We already know where this would take us. Slavery reparations -- as I explained at length in a monograph published this June by National Legal and Policy Center, “Slavery Reparations: Revival of a Bad Idea,” and in an editorial later that month for Town Hall -- would amount to extortion rationalized by social justice rhetoric. Any settlement would run into the trillions. Robert L. Johnson, co-founder of Black Entertainment Television and former majority owner of the NBA’s Charlotte Bobcats, for one, recently called for $14 trillion in reparations.

Aside from mandating outlandish sums of money, any reparations plan would be blatantly unconstitutional, singling out a classification of persons for liability solely on the basis of their race. In other words, if a given white individual hasn’t committed any injustice against blacks, he is assumed to be a material beneficiary of generations of white-on-black injustice anyway and thus liable for damages. This claptrap, known in academic parlance as “white skin privilege,” enjoys widespread cache, and not just in faculty lounges. Virtually every major corporation in the country has incorporated it into their “diversity” training and metrics.

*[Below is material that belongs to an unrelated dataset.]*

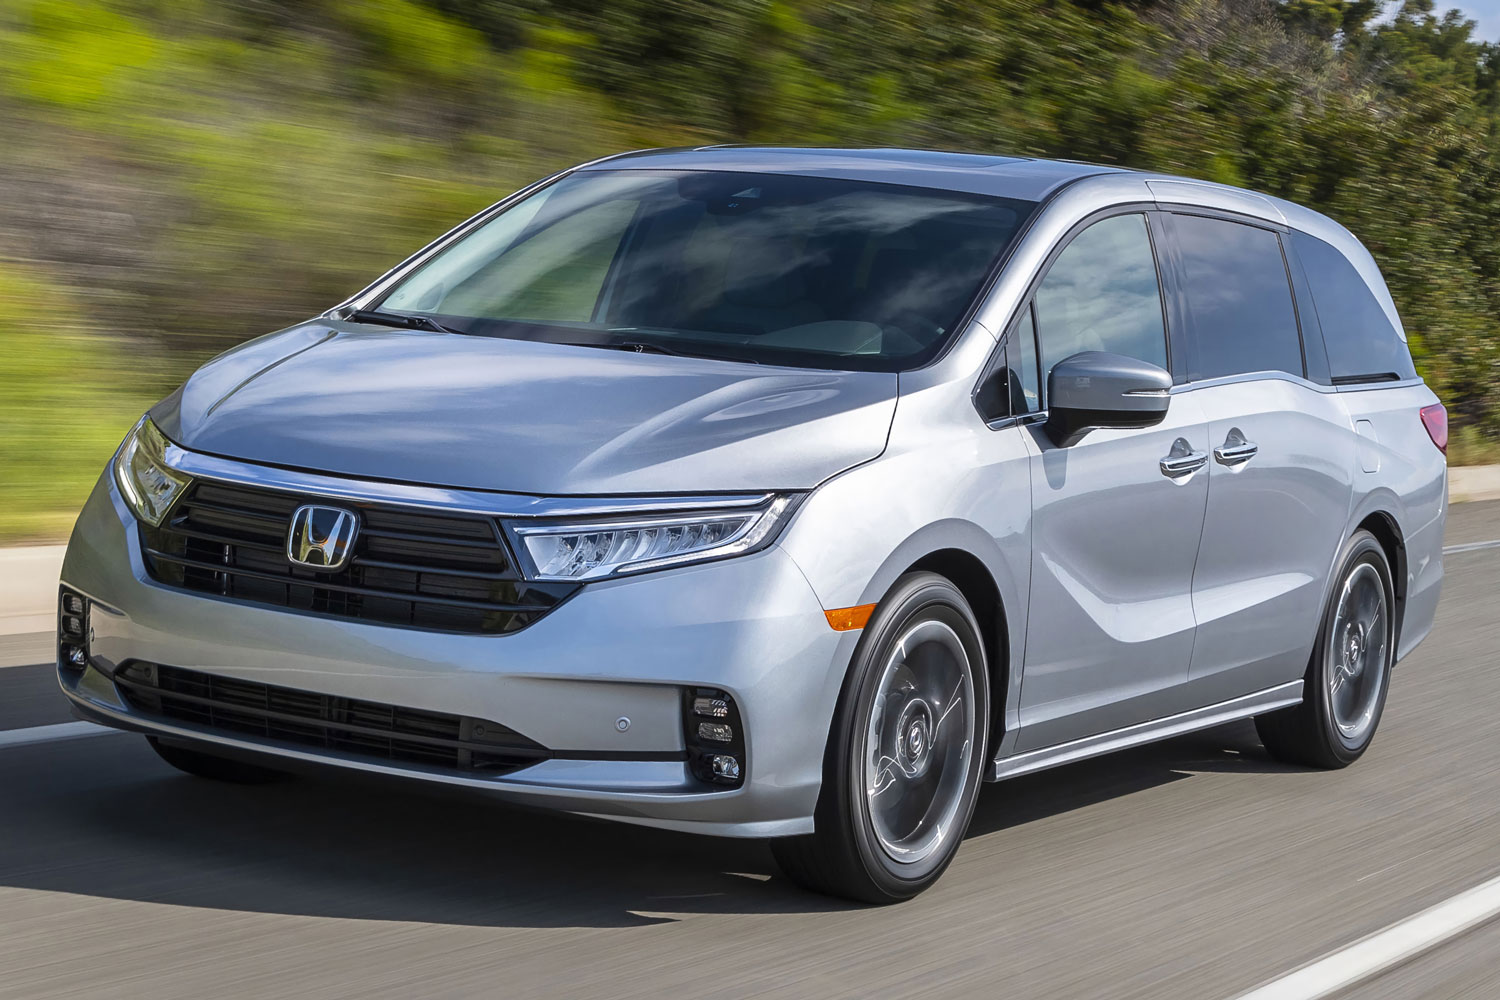 2022 Honda Odyssey Reviews, Price, MPG and More | Capital One Auto Navigator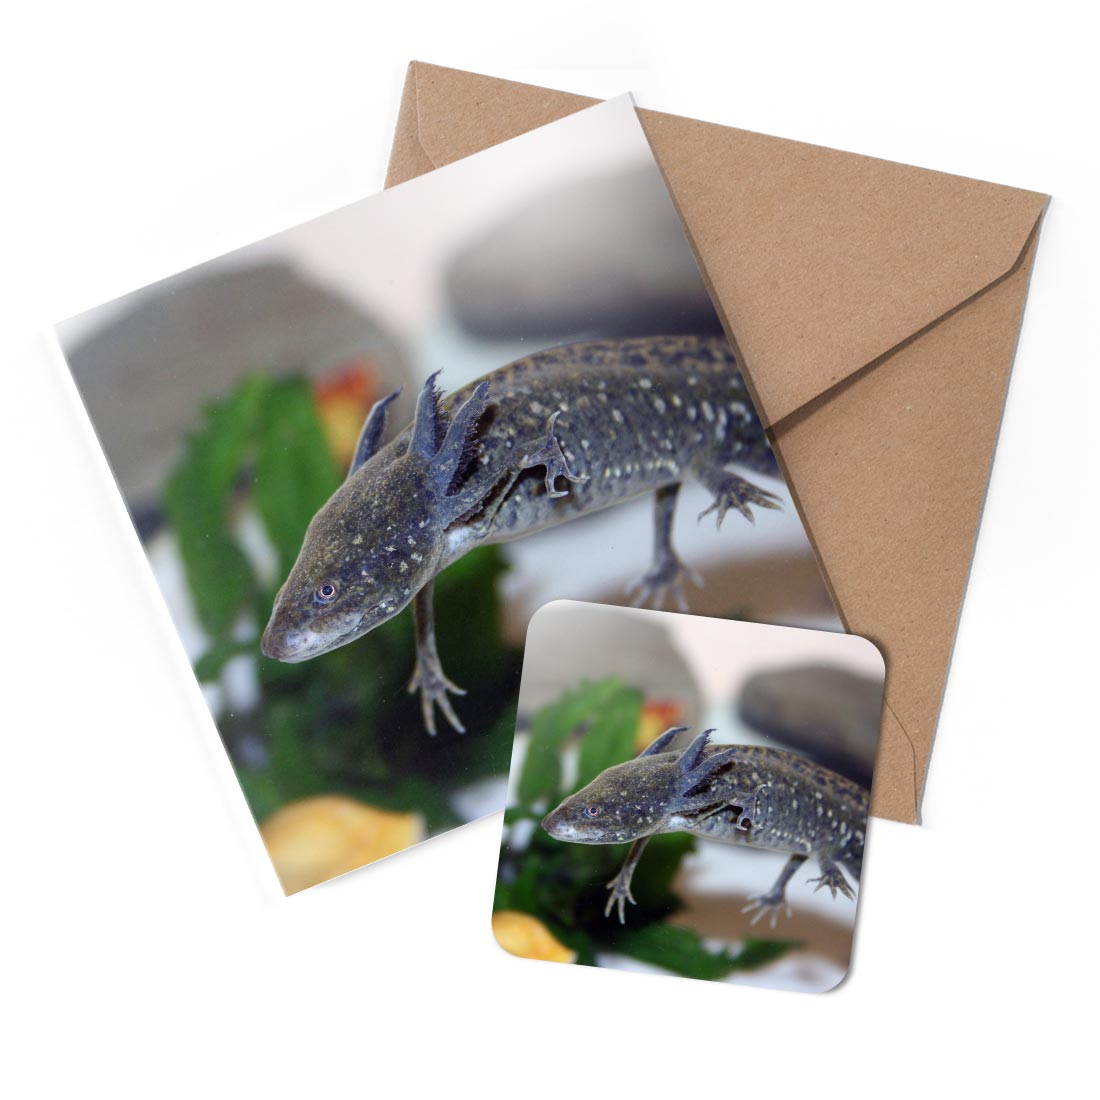 1 x Greeting Card & Coaster Set - Cool Axolotl Dragon Fish #50599 AN9294

A growing number of state governments, from Pennsylvania to Vermont, have considered reparations. California has gone furthest. 

The driving force behind the reparations campaign in California is Assemblywoman Shirley Weber, D-San Diego, who also chairs the California Legislative Black Caucus. Brimming with self-righteousness, she declared, “California has come to terms with many of its issues, but it has yet to come to terms with its role in slavery.” But how big of a role? California was admitted to the Union as a free state, part of the Compromise of 1850. The state outlawed slavery from the start, though with an exception for slaveholders bringing in slaves from somewhere else. Yet even taking that exception into account, there doesn’t seem to be much to go on. In 1860, on the eve of the Civil War, the state’s Census population was 380,000, or a little over one percent of the nation.

More damning is the law’s root assumption that white wealth, however earned, is inherently tainted. It’s as if achieving wealth has nothing to do with skill, character, intelligence, risk-taking, foresight and luck. The notion that our country was built on the back of slaves is absurd. If anything, as respected economic historians such as Robert Higgs and Jeffrey Hummel have shown, slavery actually held back economic growth, especially in the South. It was no coincidence that America’s economic takeoff period occurred after the Civil War and passage of the 13th Amendment.  

Such considerations are now moot in California. AB 3121 is now law. Governor Newsom, whose greasy elegance recalls Michael Douglas’ “Gordon Gekko” character in the movie Wall Street, poured on the clichés: “As a nation, we can only truly thrive when every one of us has the opportunity to thrive. Our painful history of slavery has evolved into structural racism and bias built into and permeating throughout our democratic and economic institutions.”

The reparations commission, whose membership must reflect the interests of “communities of color,” is guaranteed to go beyond studying. Though its members haven’t been named, each is almost guaranteed to be a political hack with an ax to grind. A call for reparations isn’t a question of “if” but “how much.”

Congress, led by the late Rep. John Conyers, D-Mich., continuously has put similar “study commission” legislation (H.R. 40) on its plate since 1989. If Joe Biden is elected president, and Democrats form a majority in the House and the Senate, our nation is likely to follow California’s example. These are troubled times indeed.

Carl F. Horowitz is senior fellow at the National Legal and Policy Center, a Falls Church, Va.-based nonprofit group dedicated to promoting ethics and accountability in American public life.